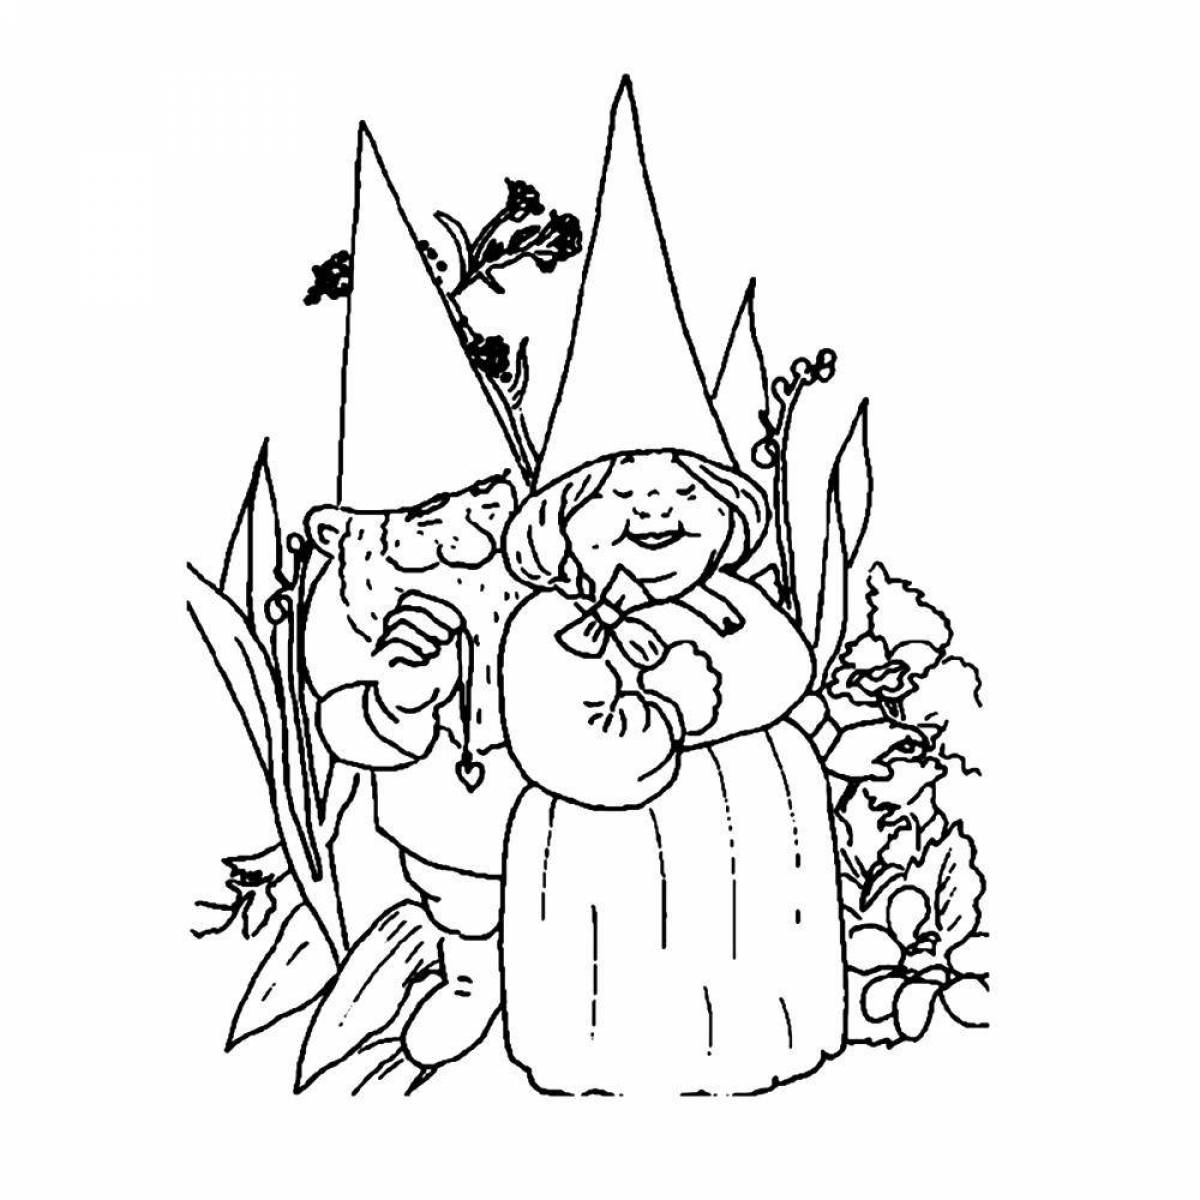 Coloring page mysterious inhabitants
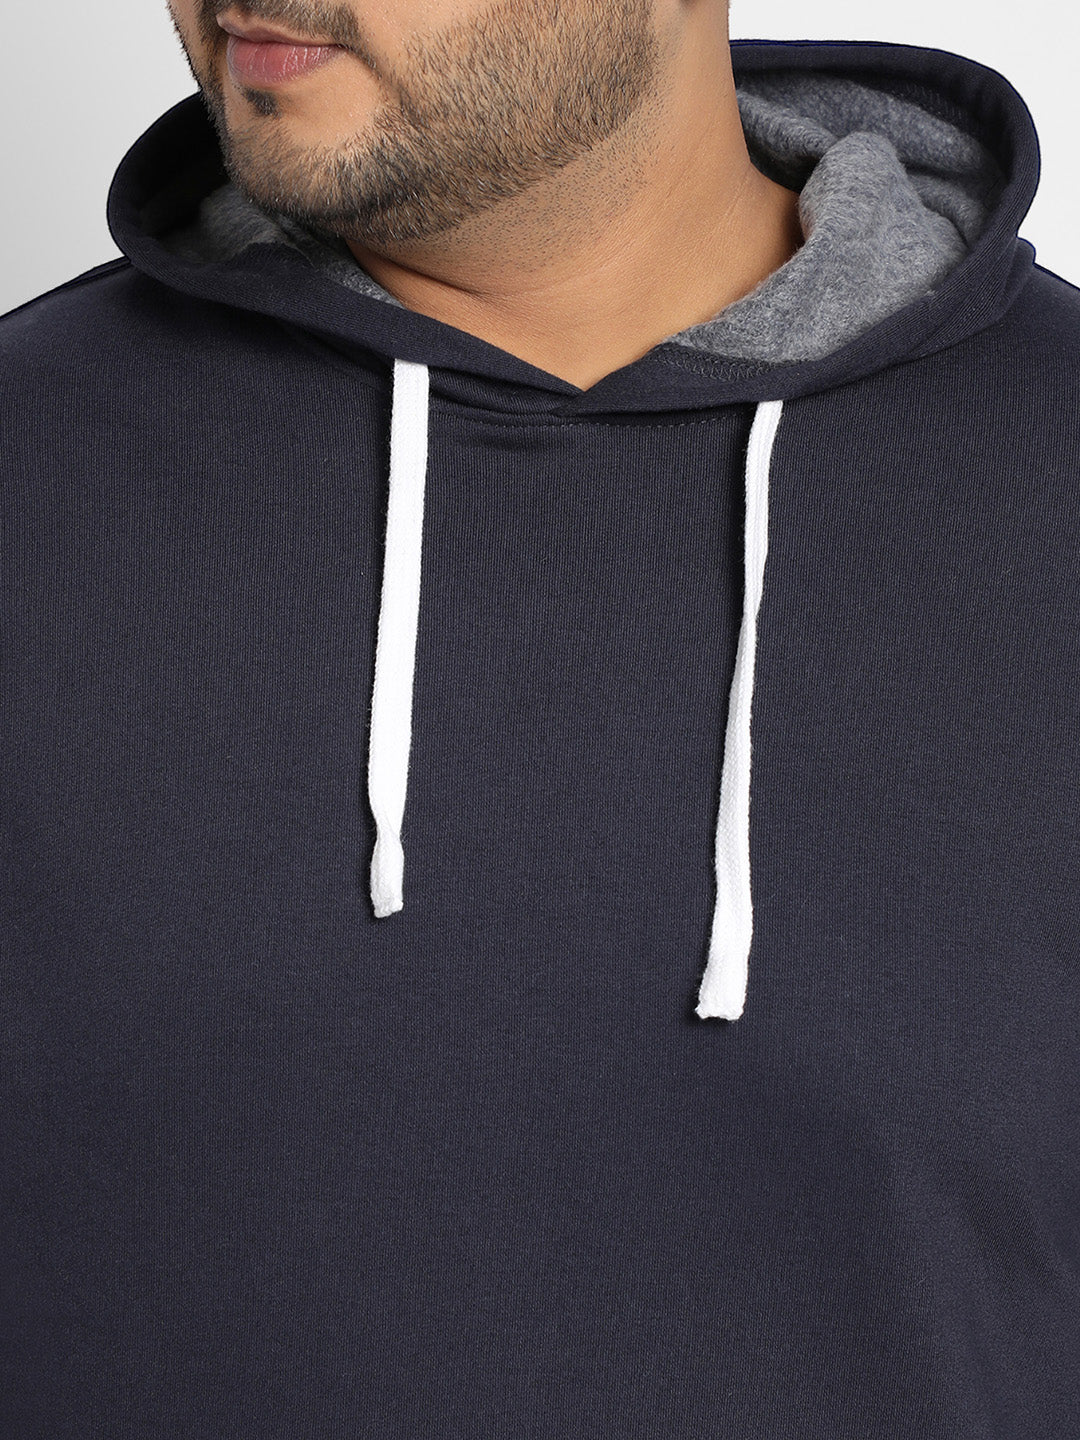 Plus Size Men's Navy Blue Pullover Hoodie With Contrast Drawstring
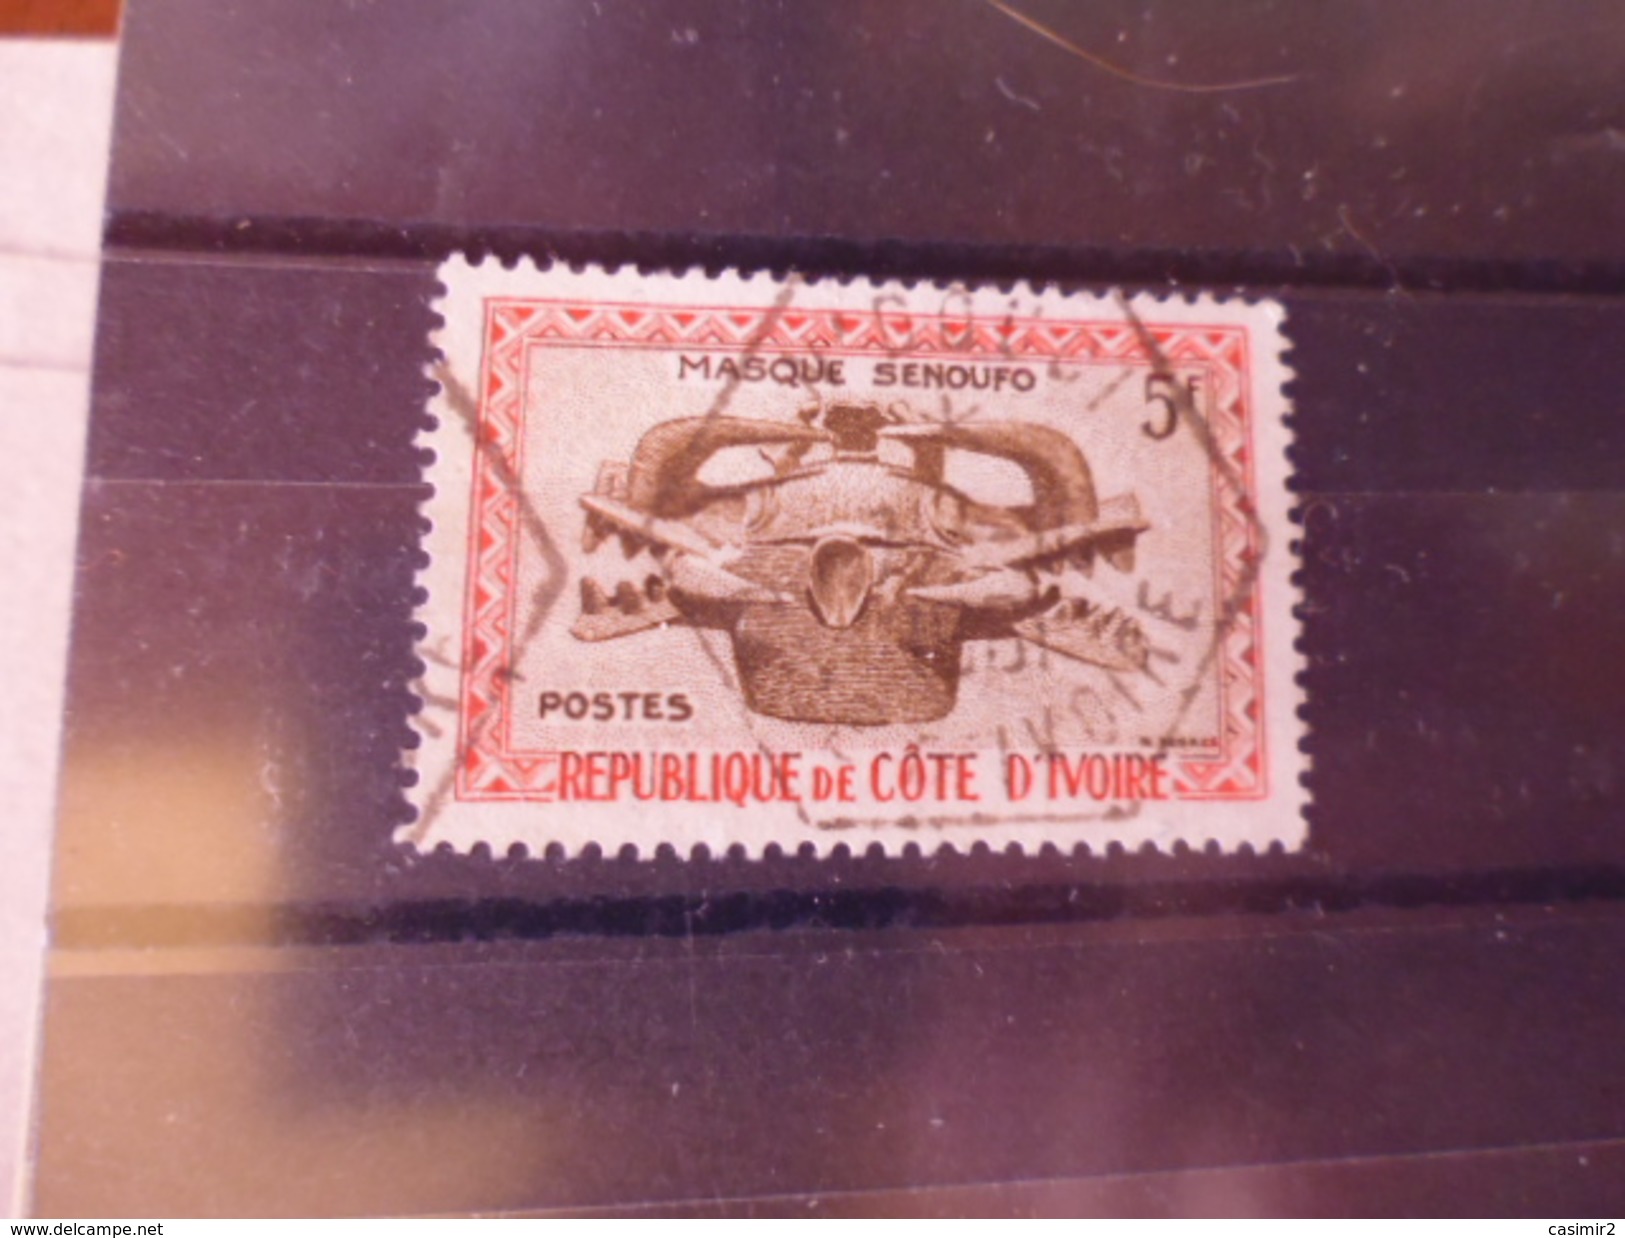 COTE D IVOIRE TIMBRE  REFERENCE YVERT N° 185 - Ivory Coast (1960-...)
++++
What is being asked = A verbatim copy of the listing, with all pictures removed, is required.

Written response =
 Coloring page mysterious inhabitants
 Plus Size Men's Navy Blue Pullover Hoodie With Contrast Drawstring
 COTE D IVOIRE TIMBRE  REFERENCE YVERT N° 185 - Ivory Coast (1960-...)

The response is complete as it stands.